高可用性クラスタリングソフトウェアであるPowerHAを導入するメリットは多岐にわたる。最も重要なのは、予期せぬシステム停止によるビジネスへの影響を最小限に抑え、継続性を確保できる点である。これにより、顧客へのサービス提供が中断するリスクを低減し、企業の信頼性を維持することができる。また、計画的なメンテナンス作業を行う際にも、手動でリソースグループをスタンバイノードに切り替える「計画的フェイルオーバー(スイッチオーバー)」を利用することで、システムのサービス停止時間を最小限に抑えながら安全に作業を進めることが可能となる。

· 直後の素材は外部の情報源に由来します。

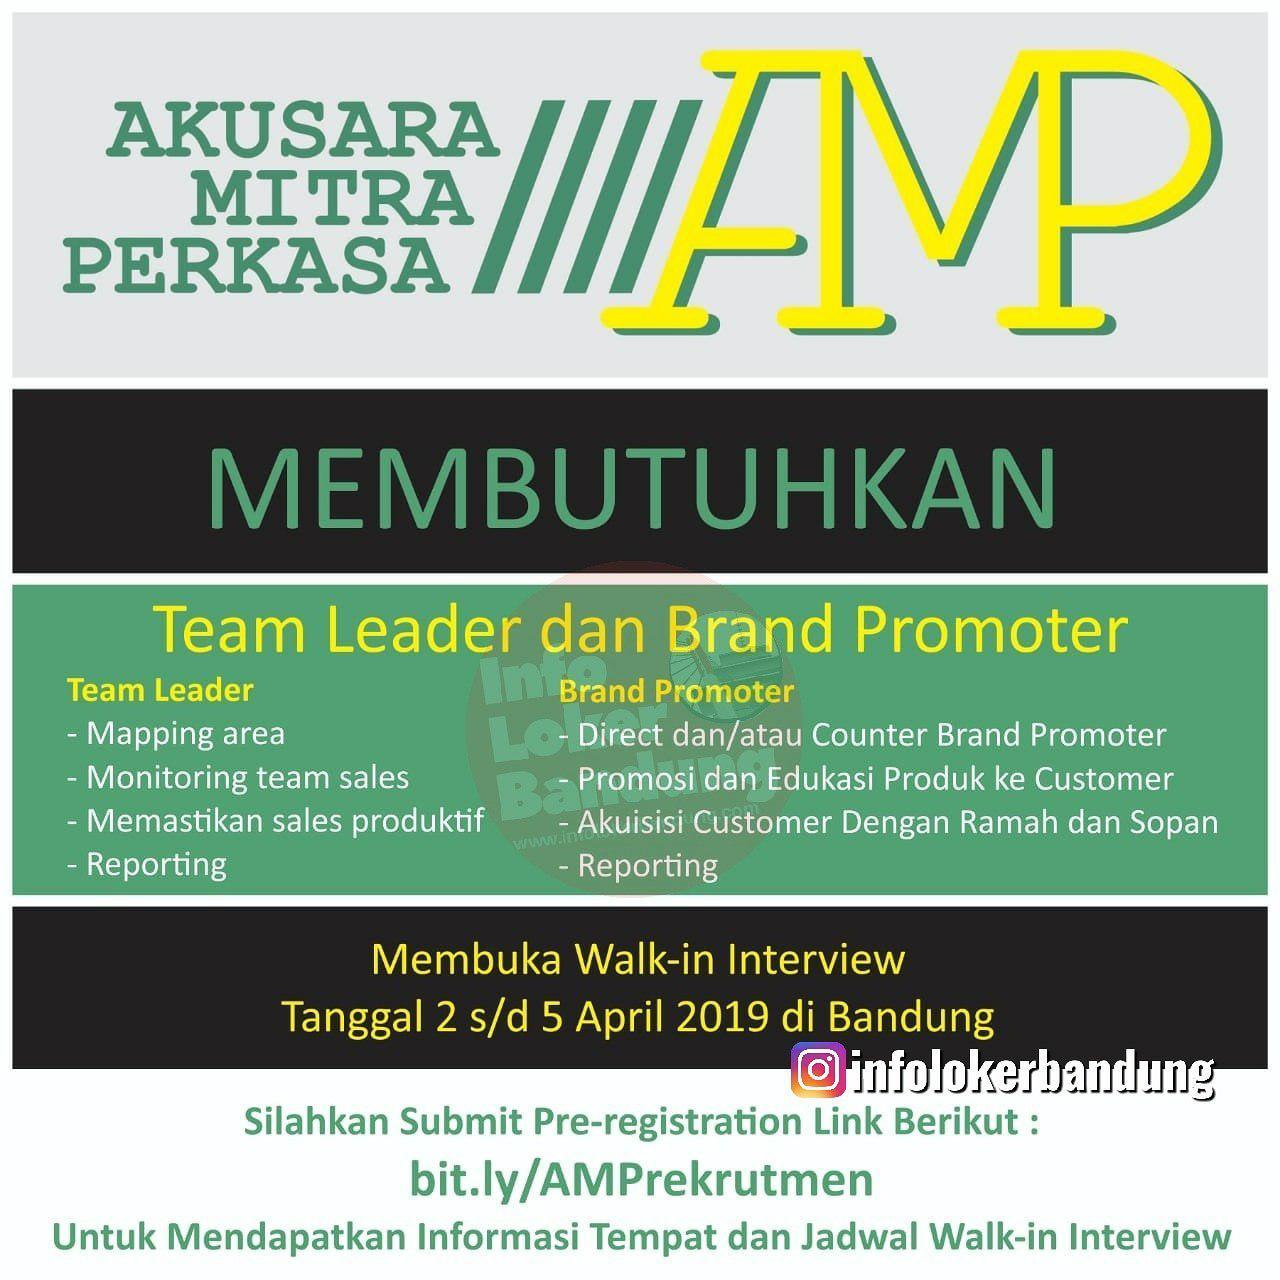 Lowongan Kerja PT. Akusara Mitra Perkasa Bandung Walk In Interview 2 - 5 April 2019

PowerHAのような高可用性クラスタを構築するには、単一のサーバーを構築するよりも複雑な設計と構築作業が必要となる。具体的には、複数のサーバー、共有ストレージ、冗長化されたネットワークなどが求められ、初期投資も大きくなる傾向がある。しかし、そのコストと複雑さは、システム停止がもたらすビジネス上の損失を考慮すれば、十分に価値のある投資と見なされる。構築後も、定期的なフェイルオーバーテストを実施し、万が一の障害発生時に確実に機能することを確認することが運用上非常に重要となる。このようにPowerHAは、企業の重要なシステムを守り、常に稼働し続けることを可能にするための強力なツールである。